In reality, although traditionally dark-haired, plenty of Romani are blonde. But European police seem willing to swoop in to accuse families based on little more than racial stereotypes and the old slander of "gypsies" as child-thieves. This is only the iceberg of a continent-wide prejudice against the Romani that continues to be winked at by many European governments. 

One can only imagine the scandal that would result if police seized children from Jewish families for having small noses, or from African families for having paler skin than their parents.

Between a third and a half of Europeans, most of whom would find other forms of racism shameful, admit to anti-Romani prejudices.

Far-right parties from Hungary's neo-fascist Jobbik to the French Front National single out Romani for slanderous attacks. Local governments frequently discriminate against Romani communities, cutting off water supplies and evicting families. The UN has found that Romani are the victims of everyday racist violence.

Romani have been the target of increased violence and prejudice across the continent following the economic crisis and growing bigotry against migrants of all stripes.

Italy, under Silvio Berlusconi, legitimized anti-Romani discrimination, attempted the fingerprinting of the entire population, and saw courts ruling "it is legitimate to discriminate against Roma because they are thieves." In the UK, the popular Daily Express regularly runs headlines accusing "gypsies" - a term now widely accepted as a racial slur - of any number of crimes. This disgusted even some of its own staff, who reported the newspaper to the Press Complaints Commission, to little effect.

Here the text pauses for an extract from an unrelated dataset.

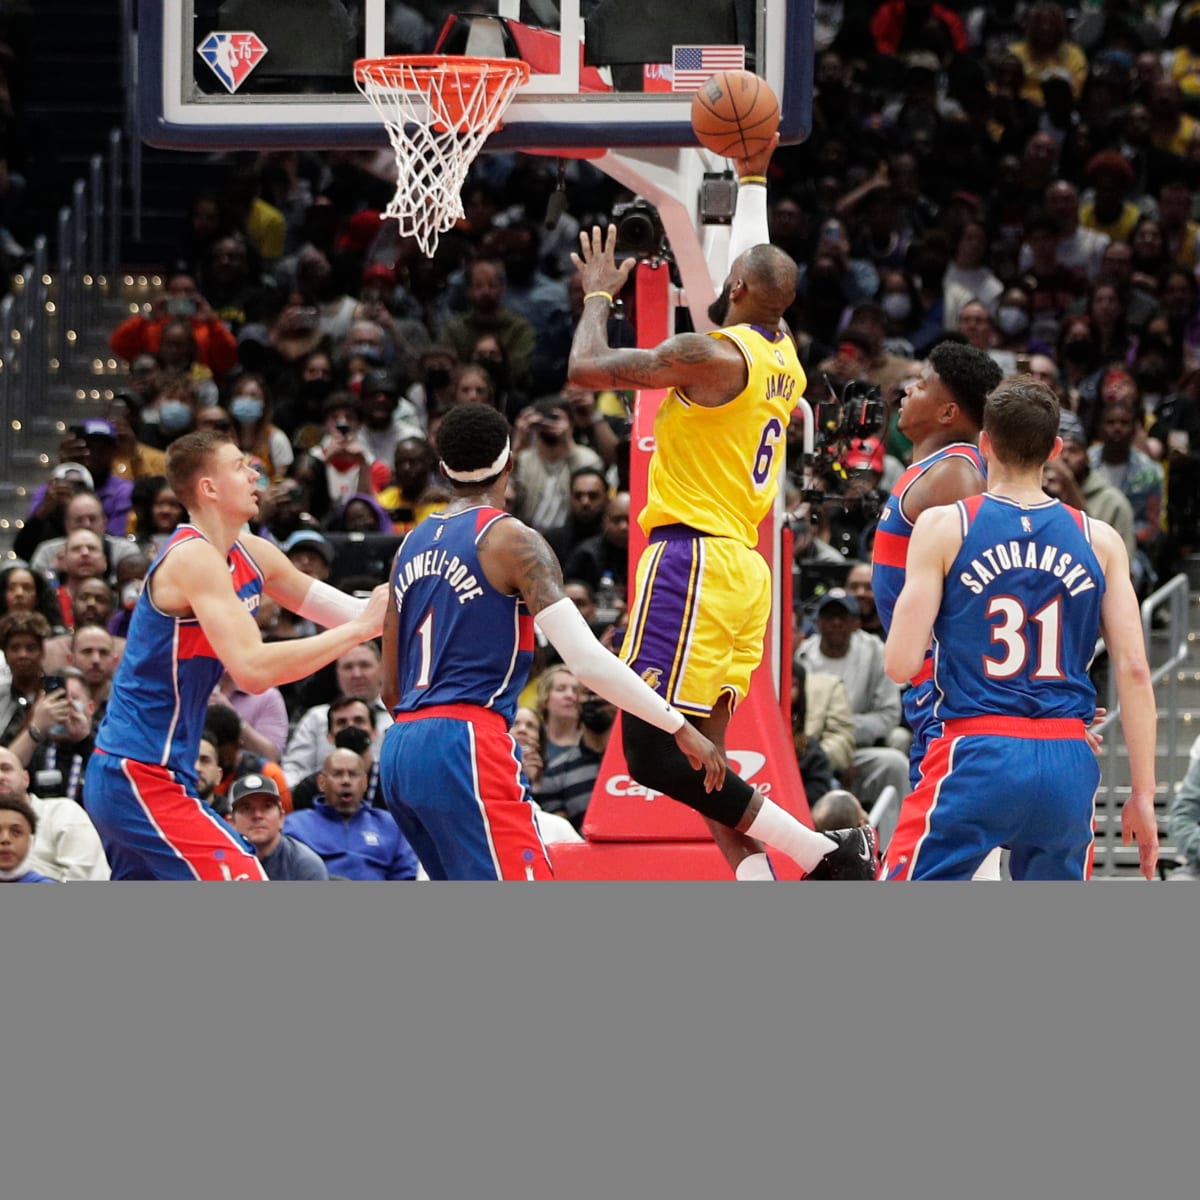 Karl Malone of the Utah Jazz goes for a dunk against the Houston

This history of discrimination stretches back centuries to the 14th century arrival in Eastern Europe of the Romani, originally from North India. It peaked with the mass murder of Romani by the Nazis.

Around 1 million Romani were killed in the Holocaust, while many survivors had been sterilized as part of the Nazi regime of "racial fitness." But the "anti-Gypsy" laws that the Nazis built upon had been established under the liberal Weimar Republic, and many of them continued to be enforced in the early days of West Germany. And while other Holocaust victims received compensation from the German state, it wasn't until the 1980s that Romani suffering began to be recognized by the courts.

Much of this prejudice comes from the Romani's traditionally nomadic ways. States are uncomfortable with, in anthropologist James C. Scott's phrase, "people who move around." Migrants are troublesome, hard to manage, and easy scapegoats among the population for any crime. Although the majority of Romani in Europe today are sedentary, racism and exclusion has left them undereducated and underemployed. This empowers bigots who then blame the Romani for being backwards or lazy. 

Wiping out prejudice against Romani, at least at the state level, should be a human rights priority for the EU. Yet while the EU's human rights agency has called for an end to discrimination, few legal cases have been brought, and the EU's "Program For Roma Inclusion" is an under-funded and largely powerless commission that has produced more talk than action.

If European governments want the moral standing to criticize others for ethnic discrimination, they should look to the mote in their own eye.